6. Python Implementation
Linear SVM
from sklearn.preprocessing import StandardScaler
from sklearn.pipeline import make_pipeline
from sklearn.metrics import classification_report
from sklearn.model_selection import LeaveOneOut, cross_val_score
import numpy as np
# Features: [τ, ΔEN, CN] Labels: +1 = Cubic, -1 = Non-cubic
X = np.array([
[1.00,1.78,6], [0.99,2.13,6], [1.06,1.89,6], [1.00,1.97,6],
[1.03,2.98,8], [0.97,1.61,6], [0.78,1.90,6], [0.71,1.79,4],
[0.65,2.03,6], [0.72,0.43,6], [0.96,1.55,6], [0.74,1.54,6]
])
y = np.array([1,1,1,1,1,1,-1,-1,-1,-1,1,-1])
# Linear SVM — always standardise features before SVM!
lin_svm = make_pipeline(StandardScaler(), SVC(kernel='linear', C=1.0))
lin_svm.fit(X, y)
print(classification_report(y, lin_svm.predict(X)))
# Number of support vectors
print("Support vectors per class:", lin_svm[-1].n_support_)
RBF Kernel SVM + Hyperparameter Tuning
# Grid search over C and γ
param_grid = {
'svc__C': [0.1, 1, 10, 100],
'svc__gamma': ['scale', 'auto', 0.1, 1.0]
}
rbf_pipe = make_pipeline(StandardScaler(), SVC(kernel='rbf'))
gs = GridSearchCV(rbf_pipe, param_grid, cv=LeaveOneOut(), scoring='accuracy')
gs.fit(X, y)
print(f"Best C={gs.best_params_['svc__C']}, γ={gs.best_params_['svc__gamma']}")
print(f"Best LOO accuracy: {gs.best_score_:.2f}")
# Decision function (margin scores)
best_svm = gs.best_estimator_
scores = best_svm.decision_function(X)
for name, score in zip(names, scores):
print(f" {name:<8} margin score = {score:+.3f}")
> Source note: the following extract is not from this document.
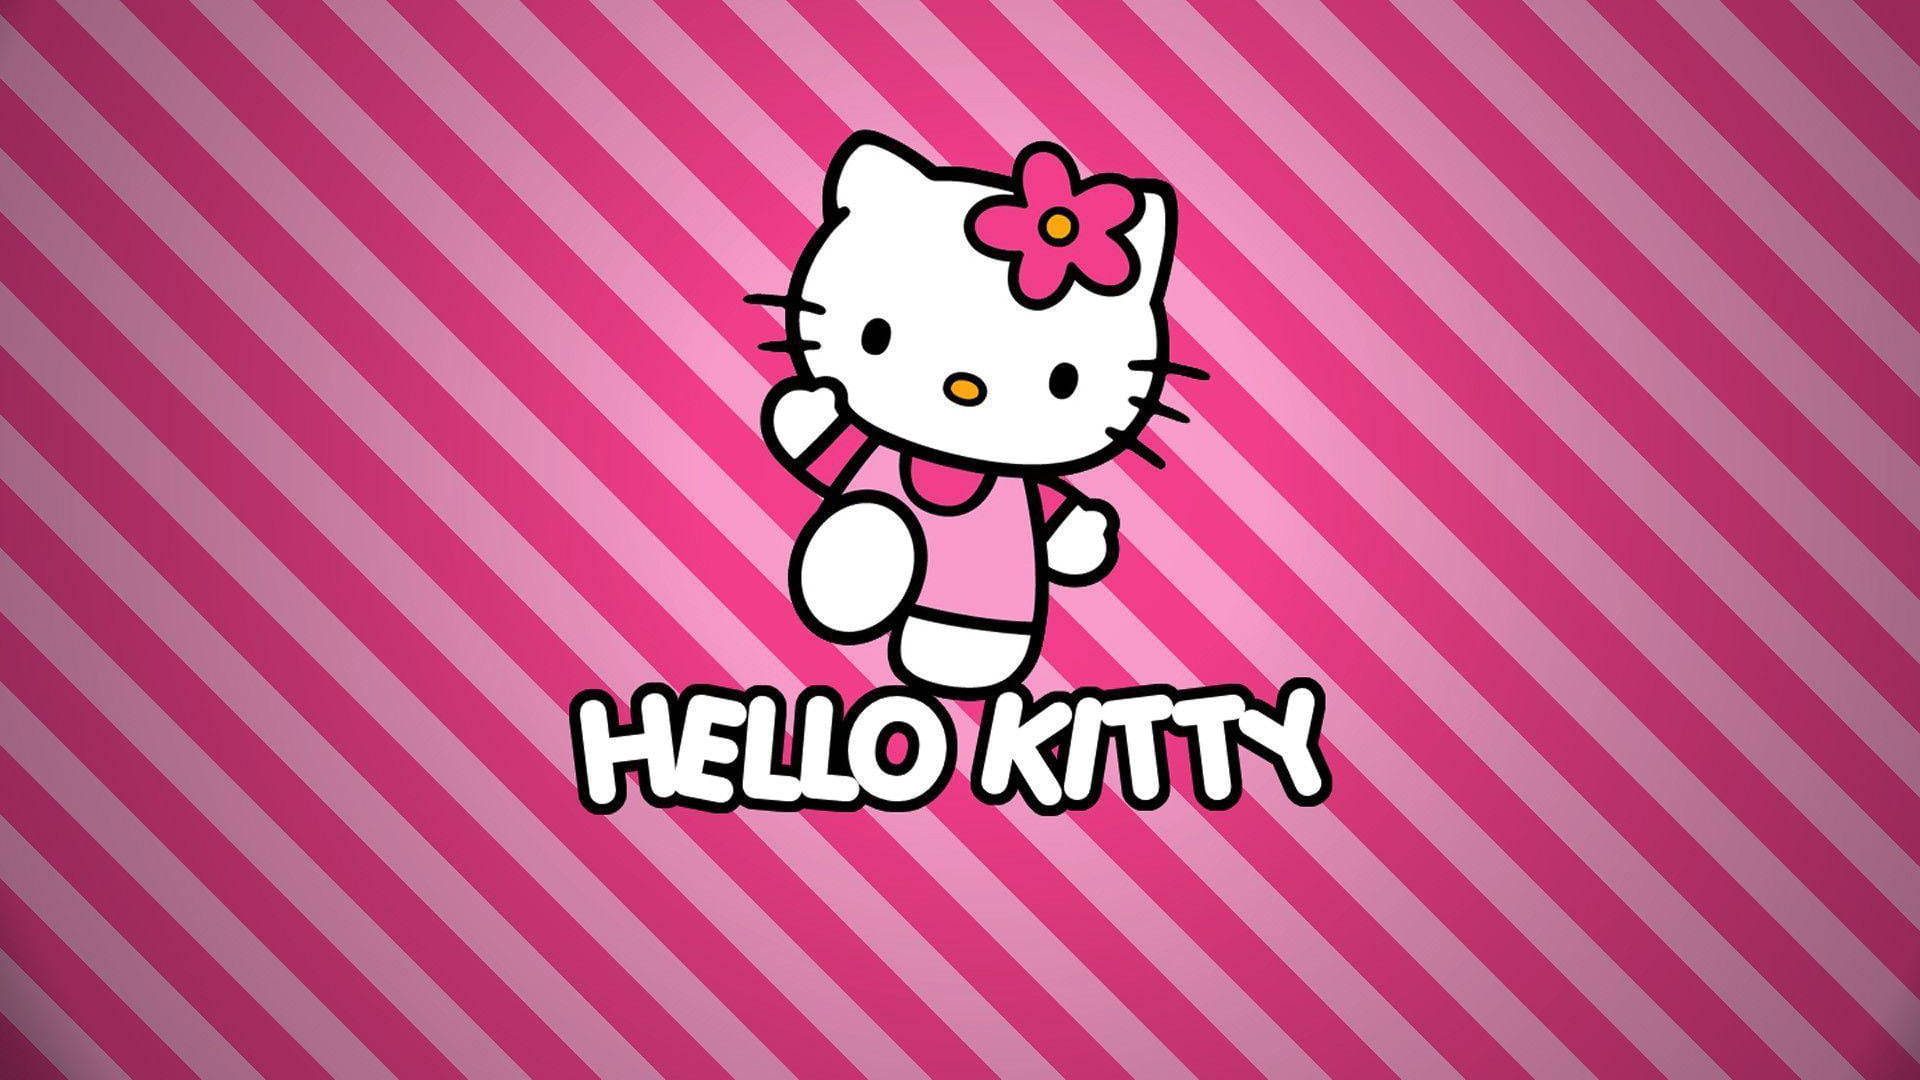 Fondode Pantalla De Hello Kitty Rosa Con Rayas Fondo de pantalla

7. SVM vs Other Models — When to Use SVM
| Criterion | Logistic Reg. | Random Forest | SVM (RBF) |
|---|---|---|---|
| Small dataset (< 100) | OK | OK | Best |
| High-dimensional features | OK | Slow | Excellent |
| Non-linear boundary | No | Yes | Yes (kernel) |
| Probability output | Native | Native | Requires Platt scaling |
| Interpretability | Coefficients | Feature importance | Support vectors only |
| Scaling needed | Yes | No | Yes (critical) |
| Large dataset (> 10k) | Fast | Fast | Slow (O(n²)–O(n³)) |
The SVM margin depends on ‖w‖ — the Euclidean distance in feature space. If τ ranges from 0.65–1.06 and CN ranges from 4–8, the CN axis dominates the distance calculation and the SVM effectively ignores τ. StandardScaler is not optional for SVM — it is mandatory.
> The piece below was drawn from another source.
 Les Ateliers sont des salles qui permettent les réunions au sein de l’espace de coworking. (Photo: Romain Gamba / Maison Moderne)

8. Multi-class SVM — One-vs-One Strategy
SVMs are inherently binary classifiers. For multi-class problems (Metal / Semiconductor / Insulator), scikit-learn uses one-vs-one (OvO): it trains one binary SVM for every pair of classes (3 classes → 3 SVMs) and takes the majority vote. Alternatively, one-vs-rest (OvR) trains one SVM per class against all others.
One-vs-Rest (OvR): n classifiers → 3 SVMs for 3 classes
Predict: OvO → majority vote across all pairwise SVMs
OvR → class with highest decision function score
Quick Check
1. What are "support vectors" in an SVM?
2. In a soft-margin SVM, what happens when you set C to a very large value?
3. Why must features always be standardised before training an SVM?